Communication problems for which a deterministic direct-sum theorem is not known to hold

Question

It is an old open problem whether a direct-sum theorem holds for deterministic communication complexity, that is, whether solving $t$ independent instances of a problem is $t$ times harder than solving a single instance. [FKNN95] showed the following results:

• A negative result: There is partial function (due to [O90]) whose deterministic communication complexity is $\Theta(\log n)$, but computing it on $t$ independent instances has complexity $\Theta(t + \log t \cdot \log n)$.
• A positive result: For every function $f$, if the deterministic communication complexity of $f$ is $c$ then the complexity of computing $f$ on $t$ independent instances is at least $\Omega(t \cdot (\sqrt{c} - \log n))$.

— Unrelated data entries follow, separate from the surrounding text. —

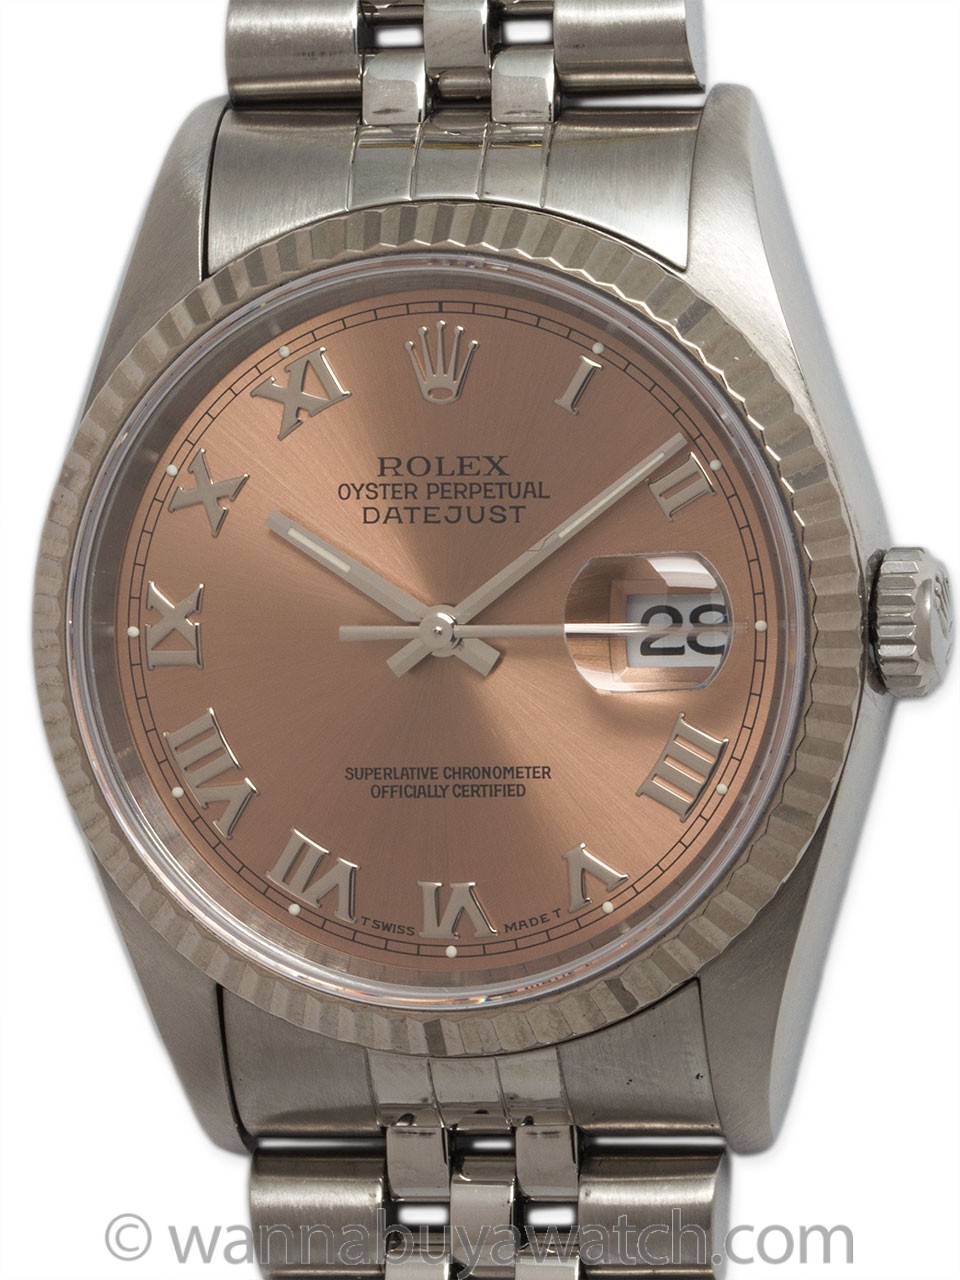 Rolex SS Datejust ref 16014 circa 1995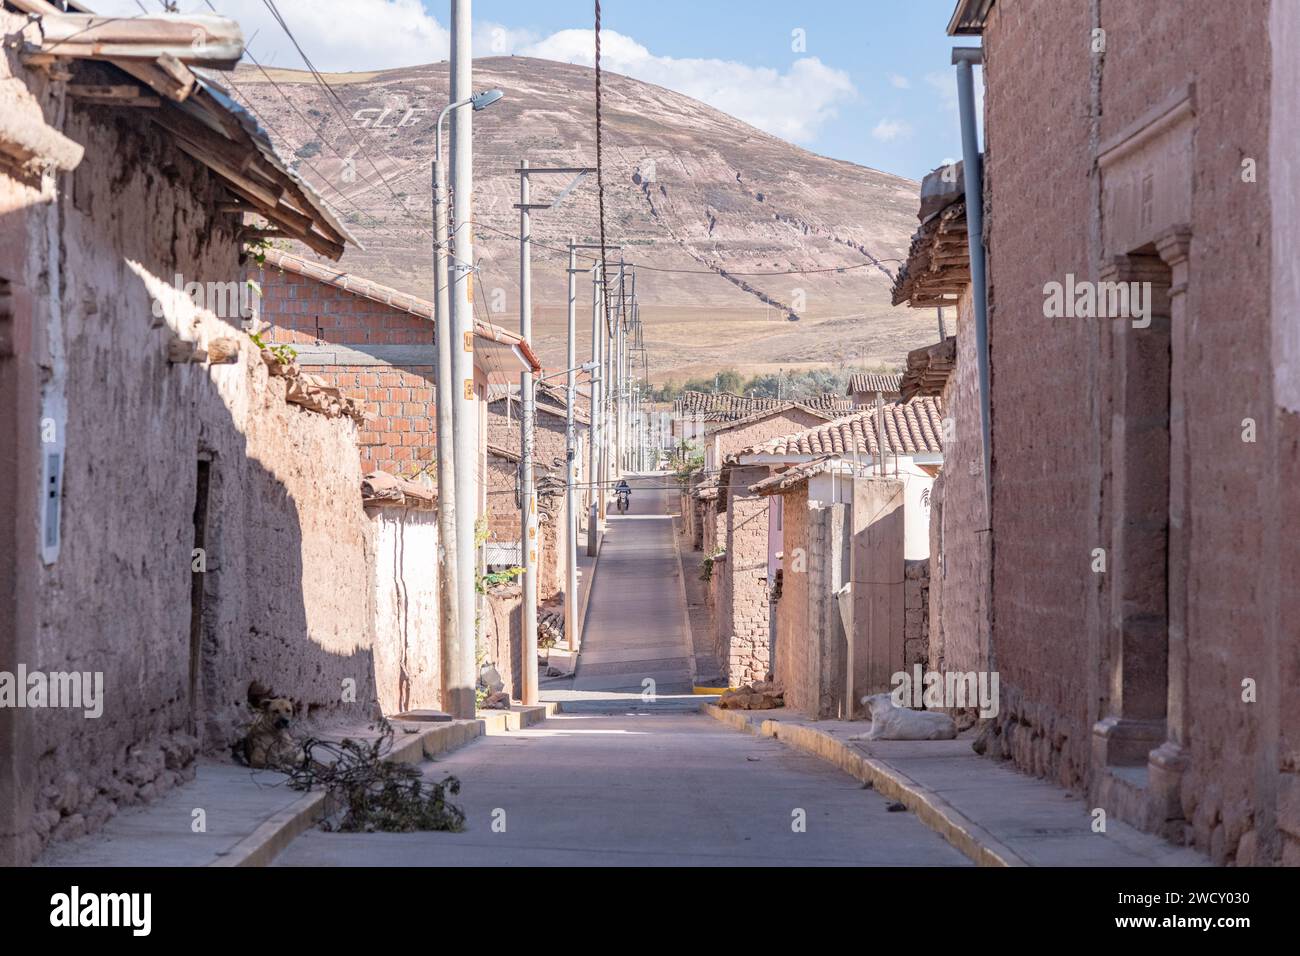 A street / road in Maras village in Peru Stock Photo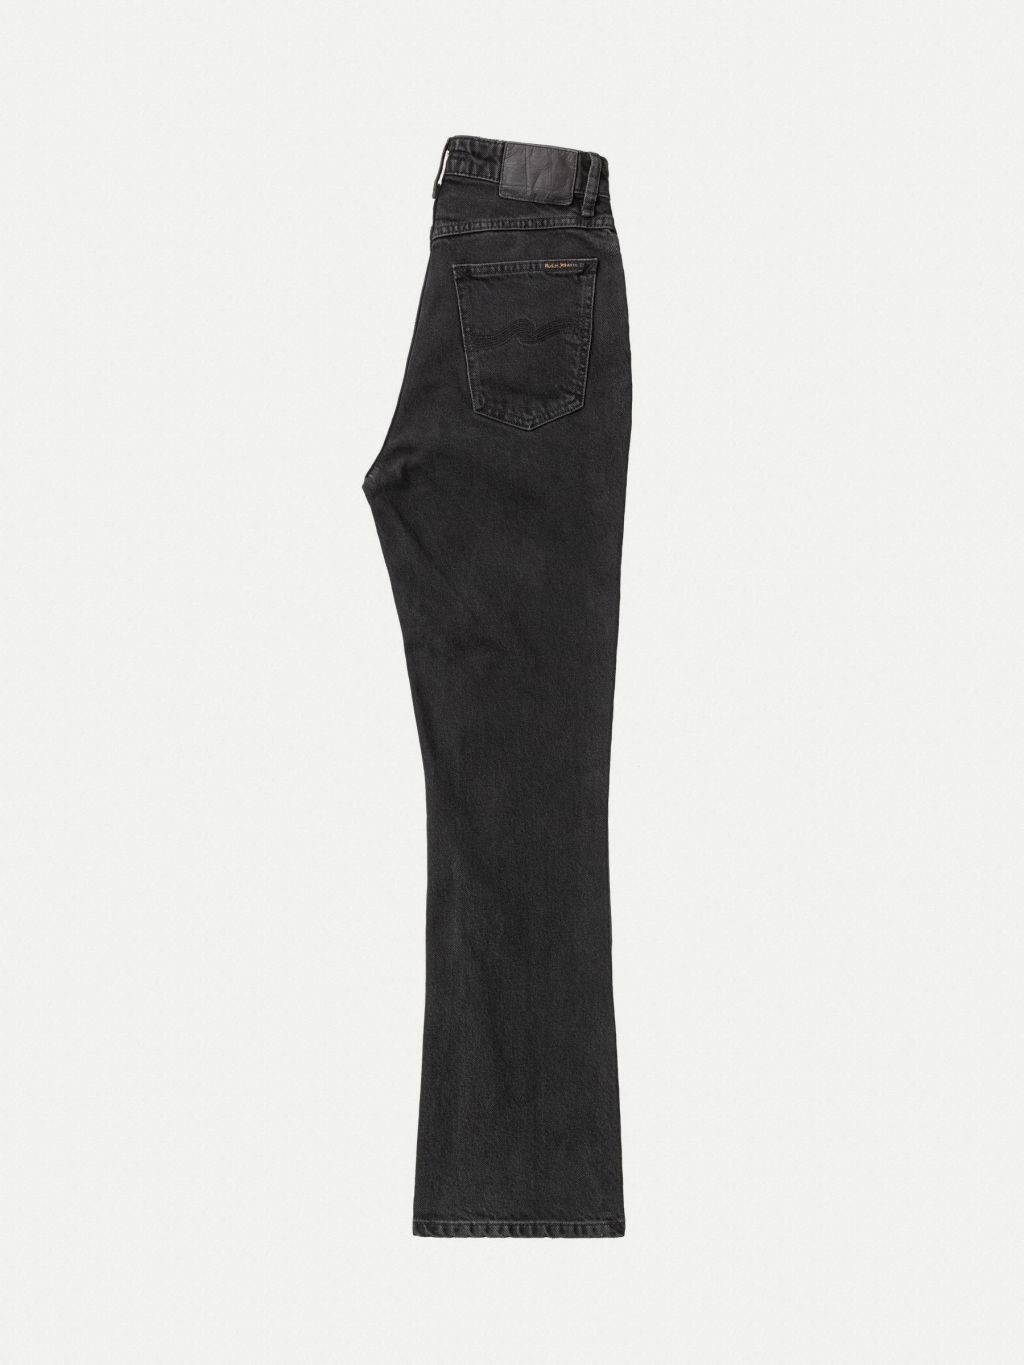 Rowdy Ruth High Waist Jeans - Almost Black 31/30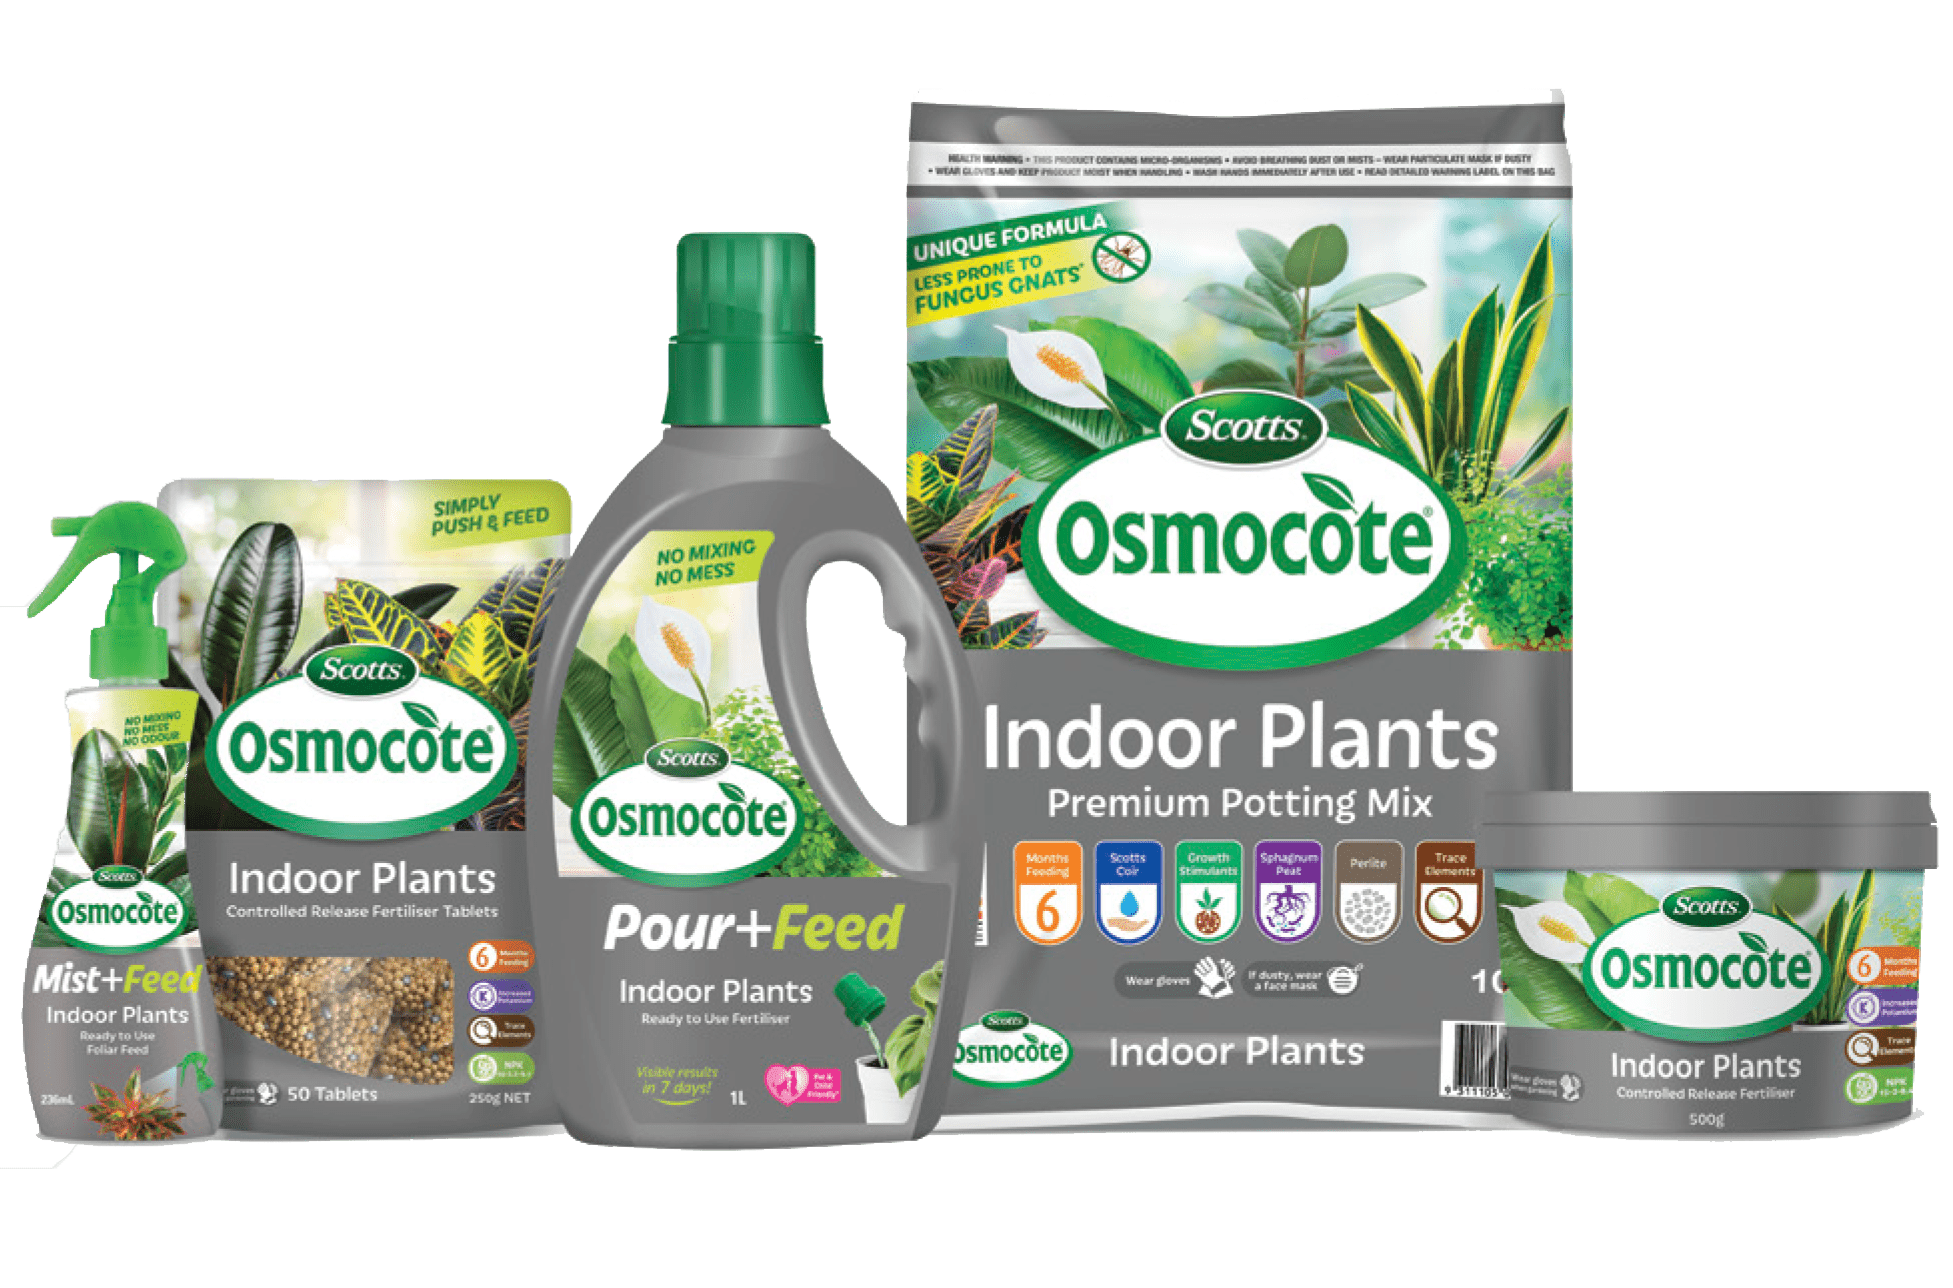 Scotts Osmocote for Indoor Plants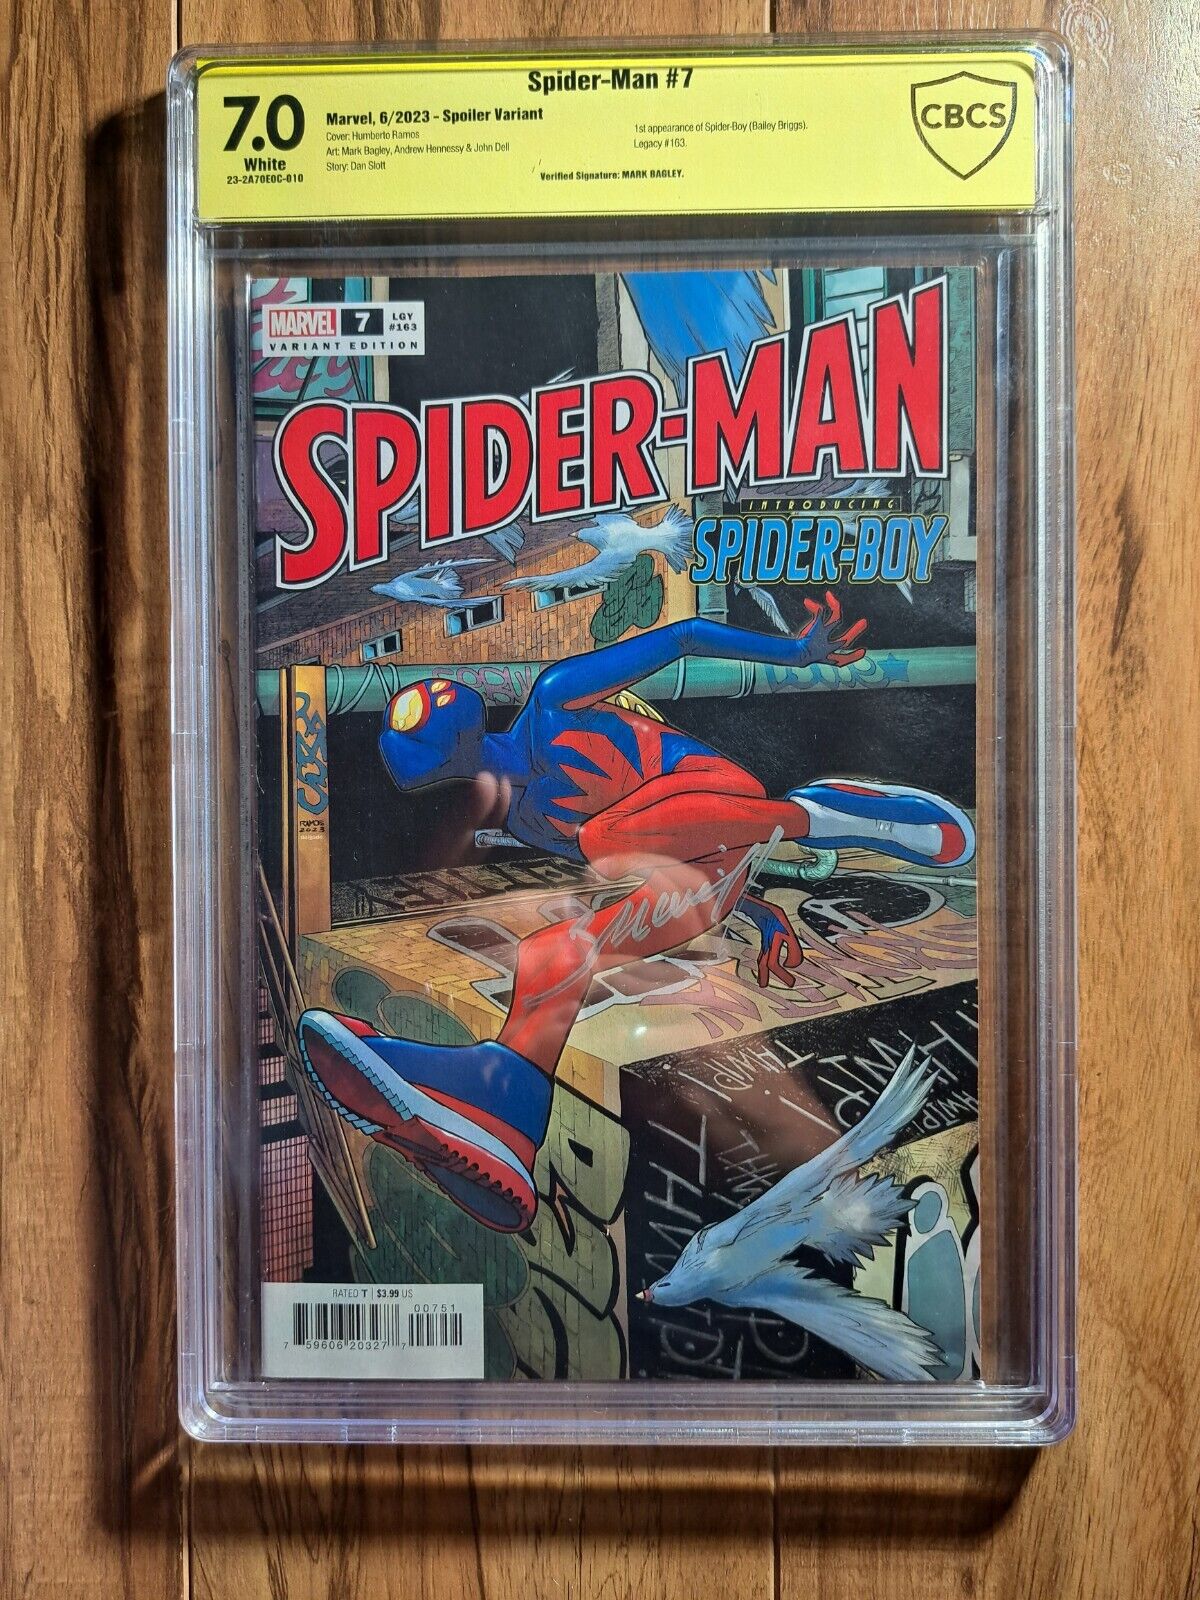 Spiderman #7, First Spider Boy, cgc 7.0, Signed by Mark Bagley

I am not aware of any other general positive results on the direct-sum problem. However, it seems that for specific problems that are usually considered in communication complexity, e.g. equality or disjointness, a direct-sum theorem is known to hold.

My question is, are there other examples of problems for which a deterministic communication complexity theorem is not known to hold, or even known not to hold (beside the function of [O90])?

References:

[FKNN95] Tomás Feder, Eyal Kushilevitz, Moni Naor, Noam Nisan: Amortized Communication Complexity. SIAM J. Comput. 24(4): 736-750 (1995)

[O90] Two Messages are Almost Optimal for Conveying Information. Alon Orlitsky. PODC, page 219-232. ACM, (1990)

Answer 1

I think I can suggest the problem, which is not widely known, but for which I'm interested in. Suppose we have $n$ permutations $\pi_i$ in $S_3$. Alice, Bob and Carol receive first, second and third elements of all permutations, respectively. The goal is to compute $\prod_i sgn(\pi_i)$, where $sgn(\pi_i)$ is a sign of permutation $\pi_i$ (can take -1 or +1). I'm interested in communication complexity in NiH model.

Some time ago I've tried to apply direct-sum theorem, but here we have some obstacles with dependence of input of different participants. I still don't know whether $\Omega(n)$ lower bound holds for this problem.